Plot simulated Trajectory using R through a Python module rpy. The function will return silently if module plotter cannot be imported.
This function will use different colors to plot trajectories at different loci. The trajectories are plotted from generation 0 to endGen even if the trajectories are short. The y-axis ranges from 0 to 1 and is labeled Allele frequency. If a valid filename is given, the figure will be saved to filename in a format specified by file extension. Currently supported formats/extensions are eps, jpg, bmp, tif, png and pdf. The availability of formats may be limited by your version of R.
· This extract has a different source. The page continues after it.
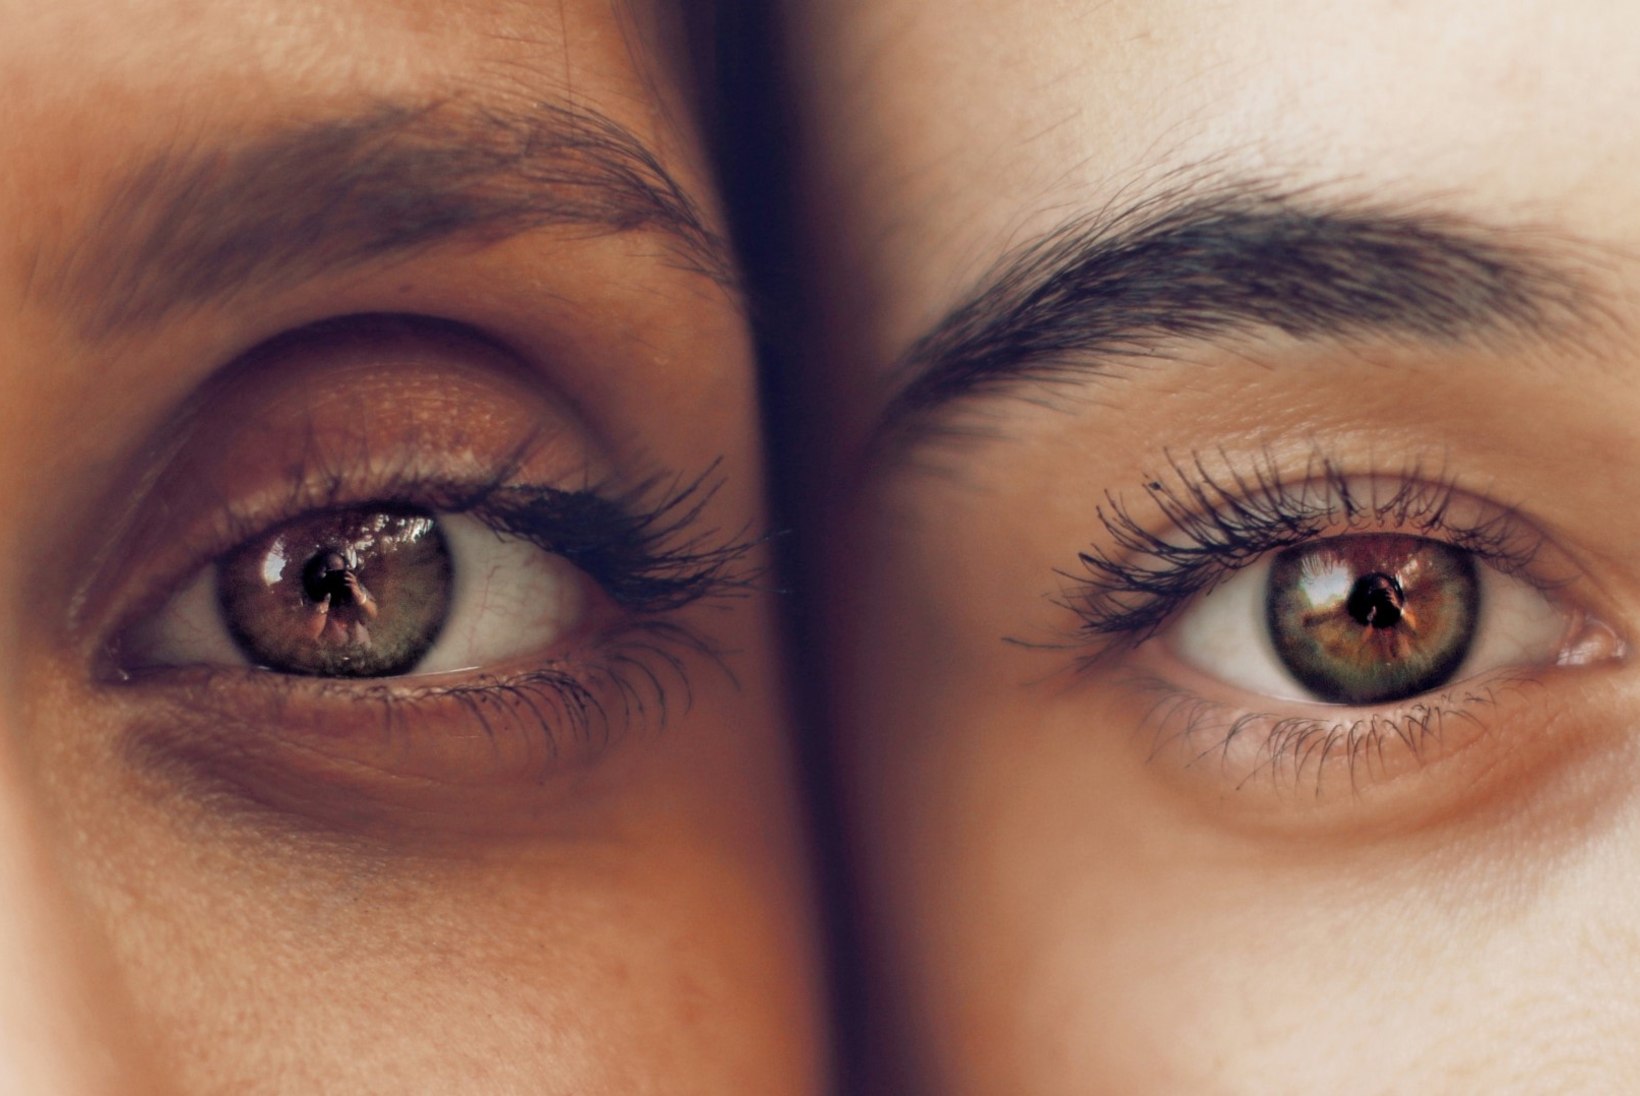 TERVIS | Silmad on kuivad ja tundlikud? Arst annab nõu, kuidas enesetunnet parandada

This function makes use of the derived keyword parameter feature of module plotter. Allowed prefixes are par, plot, lines and dev_print. Allowed repeating suffix are loc and sp. For example, you could use parameter plot_ylim to reset the default value of ylim in R function plot.
A Trajectory Simulator takes basic demographic and genetic (natural selection) information of an evolutionary process of a diploid population and allow the simulation of Trajectory of allele frequencies of one or more loci. Trajectories could be simulated in two ways: forward-time and backward-time. In a forward-time simulation, the simulation starts from certain allele frequency and simulate the frequency at the next generation using given demographic and genetic information. The simulation continues until an ending generation is reached. A Trajectory is successfully simulated if the allele frequency at the ending generation falls into a specified range. In a backward-time simulation, the simulation starts from the ending generation with a desired allele frequency and simulate the allele frequency at previous generations one by one until the allele gets lost (allele frequency equals zero).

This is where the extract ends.